All started during a performance test on a website hosted on DockerLab. Let me present the scenario: a static website is served by 4 Nginxs that run on 4 Raspberry Pis. The Nginxs are not directly on the bare metal, but they are in Docker containers managed by the Docker swarm. Besides, in front of every Nginx there is a Traefik reverse proxy. But just one reverse proxy is punted using a VIP that can move in case of failover (more information in DockerLab).

It seems a complex and redundant structure, but it comes for free when you have a Docker swarm.

Scheme of the infrastructure

The Docker stacks deployed

version: '3.2'services:
traefik:
image: arm32v6/traefik
command:
- "--api"
- "--api.dashboard=true"
- "--api.insecure=true"
- "--entrypoints.web.address=:80"
- "--entrypoints.websecure.address=:443"
- "--providers.docker=true"
- "--providers.docker.watch=true"
- "--providers.docker.swarmMode=true"
- "--providers.docker.exposedByDefault=false"
- "--accessLog"
- "--providers.docker.network=Traefik_backends"
- "--certificatesresolvers.myresolver.acme.storage=/etc/traefik/acme/acme.json"
- "--certificatesresolvers.myresolver.acme.email=xx@xx.com"
- "--certificatesresolvers.myresolver.acme.httpchallenge.entrypoint=web"
- "--certificatesresolvers.myresolver.acme.httpchallenge=true"
- "--metrics"
- "--metrics.prometheus"
volumes:
- /var/run/docker.sock:/var/run/docker.sock
- acme_data:/etc/traefik/acme/
networks:
- backends
ports:
- target: 80
published: 80
mode: host
- target: 443
published: 443
mode: host
- target: 8080
published: 8888
mode: host
deploy:
labels:
traefik.http.routers.dashboard.service: "api@internal"
mode: global
placement:
constraints:
- node.role == manager
update_config:
parallelism: 1
delay: 10s
restart_policy:
condition: on-failure
networks:
backends:
driver: overlay
volumes:
acme_data:
driver: 'local'
driver_opts:
type: 'none'
o: 'bind'
device: "/mnt/cluster/traefik/acme"

Brief translation: create a Traefik instance for every Docker swarm node. Make them listen on 80 and 443 TCP port of each node. Bypass Docker routing mesh. Enable the Let’s Encrypt automation to have TLS certificates. Auto-configure the reverse proxy based on the services on the Docker swarm. Create a backends network where the backend services have to attach.

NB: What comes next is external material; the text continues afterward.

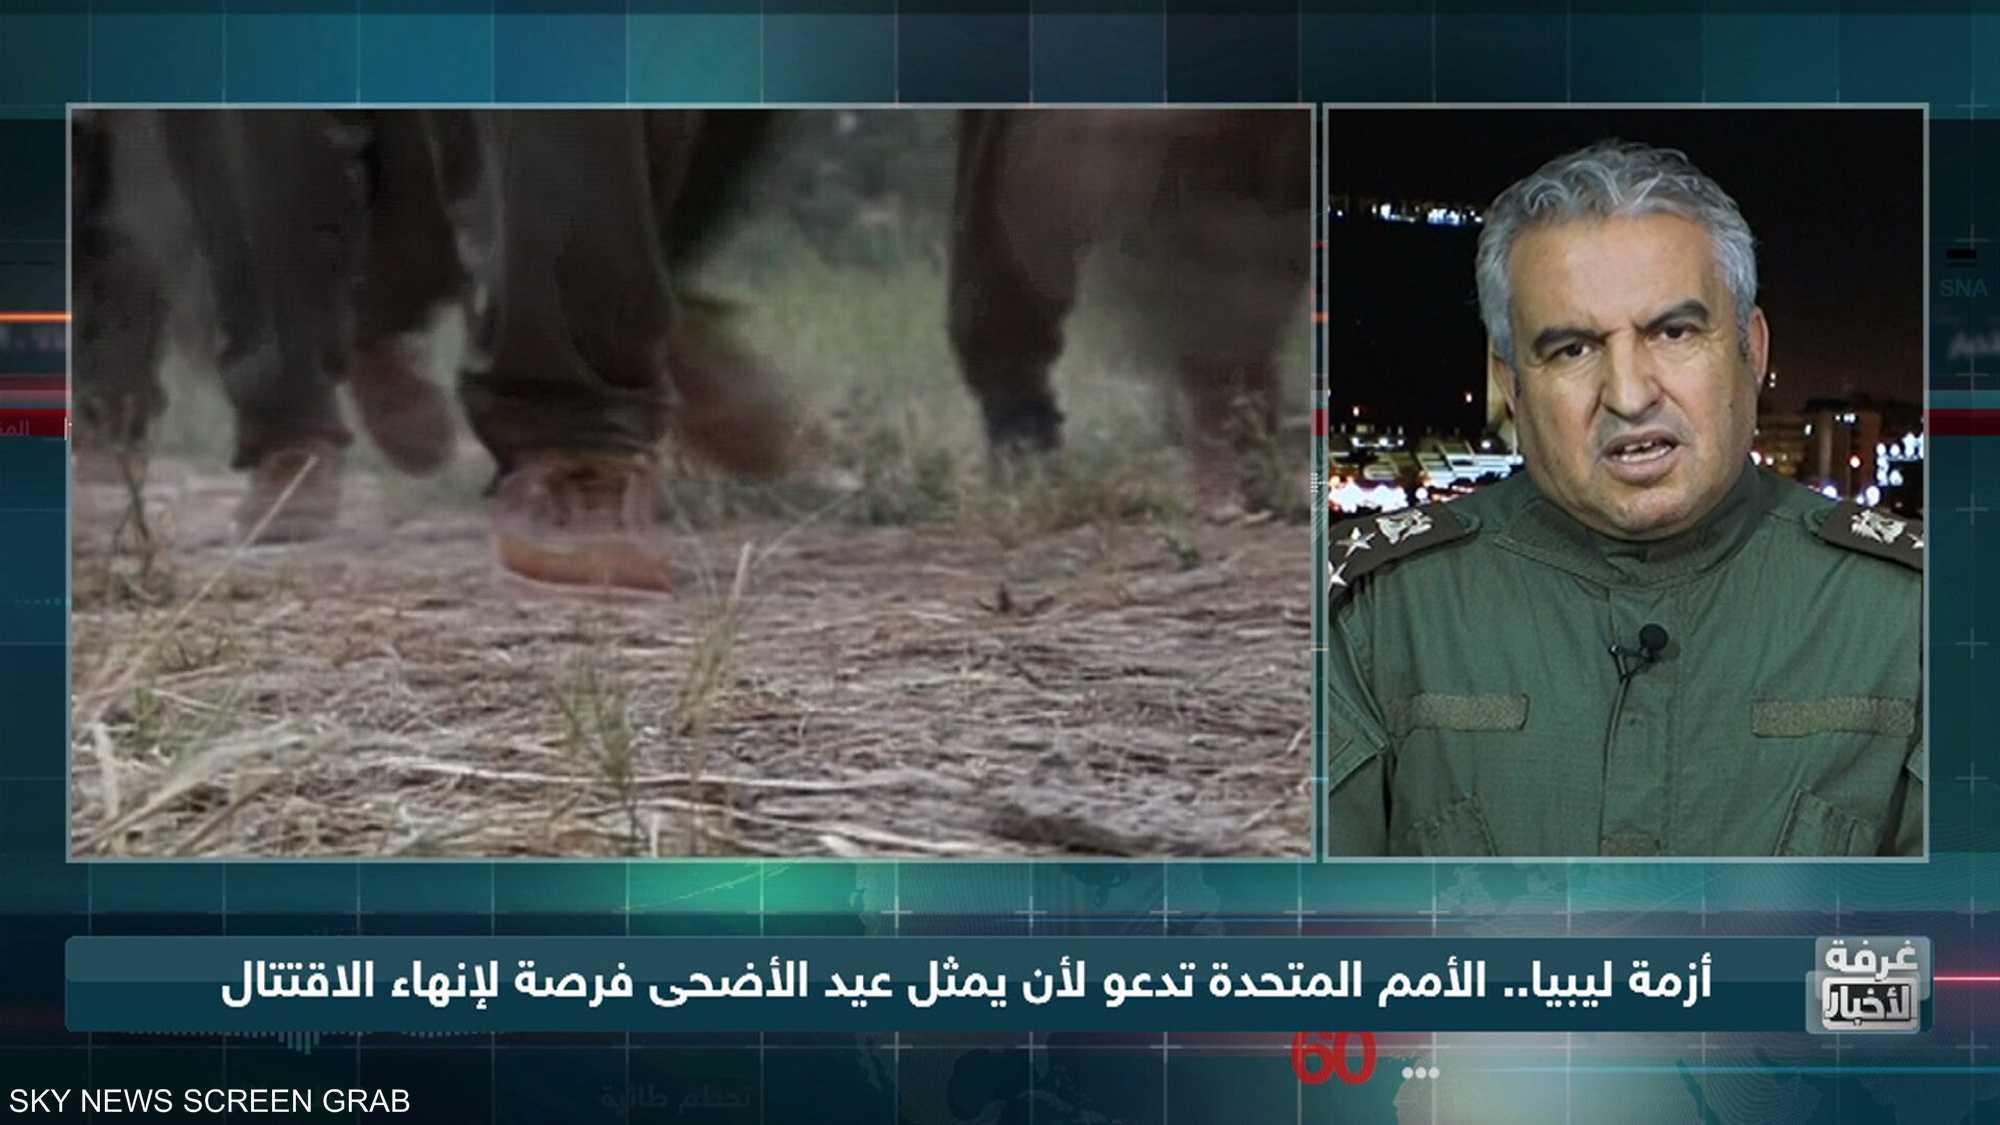 أزمة ليبيا.. دعوات التهدئة ومطبّ المرتزقة والميليشيات

Here the website stack (I prefer keeping the stacks separated):

version: '3.3'
services:
website:
image: fabrizio2210/ervisa-makeup-it
deploy:
mode: global
labels:
traefik.enable: "true"
traefik.http.routers.my-router.rule: "Host(`example.com`)"
traefik.http.routers.my-router.entrypoints: websecure
traefik.http.routers.my-routerhttp.entrypoints: web
traefik.http.routers.my-httprouter.rule: "Host(`example.com`)"
traefik.http.routers.my-httprouter.middlewares: my-redirectscheme
traefik.http.routers.my-router.tls: "true"
traefik.http.routers.my-router.tls.certresolver: myresolver
traefik.http.services.my-service.loadbalancer.server.port: 80
traefik.http.middlewares.my-redirectscheme.redirectscheme.scheme: https
traefik.http.middlewares.my-redirectscheme.redirectscheme.permanent: "true"
restart: always
networks:
- Traefik_backends
- default
networks:
Traefik_backends:
external: true

Brief translation: create fabrizio2210/ervisa-makeup-it (it is an Nginx crafted by with static contents) container for each node. Instruct Traefik to forward when the example.com host is matched. Setup Traefik to redirect 80 requests to port 443 (http -> https). Use the backends network created in the Traefik stack (the above one).

The test

The load test is very rough, it is to have an idea how the website behaves rather than how much are the performance. There is a fixed load and the number of concurrent clients is a consequence.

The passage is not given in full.